Problem to work on :: All lines after the one containing "Nursery wallpaper dots" are needed, along with that line itself. Please repeat them exactly through the end of the entries.

(Records contained in a dataset)

Content starts

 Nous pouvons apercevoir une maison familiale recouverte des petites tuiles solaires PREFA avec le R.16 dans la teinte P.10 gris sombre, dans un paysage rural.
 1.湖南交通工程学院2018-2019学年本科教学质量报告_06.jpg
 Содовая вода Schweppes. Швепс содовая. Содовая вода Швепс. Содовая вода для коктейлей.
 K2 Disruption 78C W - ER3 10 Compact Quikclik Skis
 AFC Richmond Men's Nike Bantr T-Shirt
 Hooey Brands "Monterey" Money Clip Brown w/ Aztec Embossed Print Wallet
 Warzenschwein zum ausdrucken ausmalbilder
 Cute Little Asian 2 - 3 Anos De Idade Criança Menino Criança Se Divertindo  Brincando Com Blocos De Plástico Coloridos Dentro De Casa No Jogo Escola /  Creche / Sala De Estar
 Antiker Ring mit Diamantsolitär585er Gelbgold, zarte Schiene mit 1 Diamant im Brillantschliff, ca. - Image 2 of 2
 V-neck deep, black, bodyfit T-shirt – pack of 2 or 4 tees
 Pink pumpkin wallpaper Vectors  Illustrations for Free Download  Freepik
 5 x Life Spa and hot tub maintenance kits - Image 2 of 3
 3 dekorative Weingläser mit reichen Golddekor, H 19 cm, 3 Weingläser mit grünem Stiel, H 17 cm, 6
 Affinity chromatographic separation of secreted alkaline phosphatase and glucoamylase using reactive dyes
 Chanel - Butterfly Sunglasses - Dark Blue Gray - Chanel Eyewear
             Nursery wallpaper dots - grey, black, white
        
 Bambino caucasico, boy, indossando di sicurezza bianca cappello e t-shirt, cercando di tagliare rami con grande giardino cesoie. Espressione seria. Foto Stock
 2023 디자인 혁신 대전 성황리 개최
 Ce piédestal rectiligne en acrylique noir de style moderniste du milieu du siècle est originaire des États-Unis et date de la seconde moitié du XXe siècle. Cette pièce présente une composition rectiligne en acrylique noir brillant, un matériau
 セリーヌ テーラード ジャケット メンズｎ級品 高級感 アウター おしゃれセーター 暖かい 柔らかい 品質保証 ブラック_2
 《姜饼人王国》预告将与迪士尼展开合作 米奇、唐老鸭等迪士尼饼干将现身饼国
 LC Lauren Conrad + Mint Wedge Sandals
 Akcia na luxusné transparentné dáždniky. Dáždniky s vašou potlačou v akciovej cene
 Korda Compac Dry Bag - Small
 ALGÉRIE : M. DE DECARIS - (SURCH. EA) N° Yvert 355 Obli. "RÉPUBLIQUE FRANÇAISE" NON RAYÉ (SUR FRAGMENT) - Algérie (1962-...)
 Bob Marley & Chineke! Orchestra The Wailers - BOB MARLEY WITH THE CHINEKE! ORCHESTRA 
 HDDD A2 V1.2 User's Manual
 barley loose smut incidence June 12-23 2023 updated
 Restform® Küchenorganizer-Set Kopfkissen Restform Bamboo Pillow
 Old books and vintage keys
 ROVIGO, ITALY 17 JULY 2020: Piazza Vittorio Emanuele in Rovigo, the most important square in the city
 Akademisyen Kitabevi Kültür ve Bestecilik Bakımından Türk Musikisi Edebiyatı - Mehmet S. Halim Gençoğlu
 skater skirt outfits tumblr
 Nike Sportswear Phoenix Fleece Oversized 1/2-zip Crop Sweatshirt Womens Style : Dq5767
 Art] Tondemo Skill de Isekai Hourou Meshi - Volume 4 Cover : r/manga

Content ends

Written answer ::
             Nursery wallpaper dots - grey, black, white
        
 Bambino caucasico, boy, indossando di sicurezza bianca cappello e t-shirt, cercando di tagliare rami con grande giardino cesoie. Espressione seria. Foto Stock
 2023 디자인 혁신 대전 성황리 개최
 Ce piédestal rectiligne en acrylique noir de style moderniste du milieu du siècle est originaire des États-Unis et date de la seconde moitié du XXe siècle. Cette pièce présente une composition rectiligne en acrylique noir brillant, un matériau
 セリーヌ テーラード ジャケット メンズｎ級品 高級感 アウター おしゃれセーター 暖かい 柔らかい 品質保証 ブラック_2
 《姜饼人王国》预告将与迪士尼展开合作 米奇、唐老鸭等迪士尼饼干将现身饼国
 LC Lauren Conrad + Mint Wedge Sandals
 Akcia na luxusné transparentné dáždniky. Dáždniky s vašou potlačou v akciovej cene
 Korda Compac Dry Bag - Small
 ALGÉRIE : M. DE DECARIS - (SURCH. EA) N° Yvert 355 Obli. "RÉPUBLIQUE FRANÇAISE" NON RAYÉ (SUR FRAGMENT) - Algérie (1962-...)
 Bob Marley & Chineke! Orchestra The Wailers - BOB MARLEY WITH THE CHINEKE! ORCHESTRA 
 HDDD A2 V1.2 User's Manual
 barley loose smut incidence June 12-23 2023 updated
 Restform® Küchenorganizer-Set Kopfkissen Restform Bamboo Pillow
 Old books and vintage keys
 ROVIGO, ITALY 17 JULY 2020: Piazza Vittorio Emanuele in Rovigo, the most important square in the city
 Akademisyen Kitabevi Kültür ve Bestecilik Bakımından Türk Musikisi Edebiyatı - Mehmet S. Halim Gençoğlu
 skater skirt outfits tumblr
 Nike Sportswear Phoenix Fleece Oversized 1/2-zip Crop Sweatshirt Womens Style : Dq5767
 Art] Tondemo Skill de Isekai Hourou Meshi - Volume 4 Cover : r/manga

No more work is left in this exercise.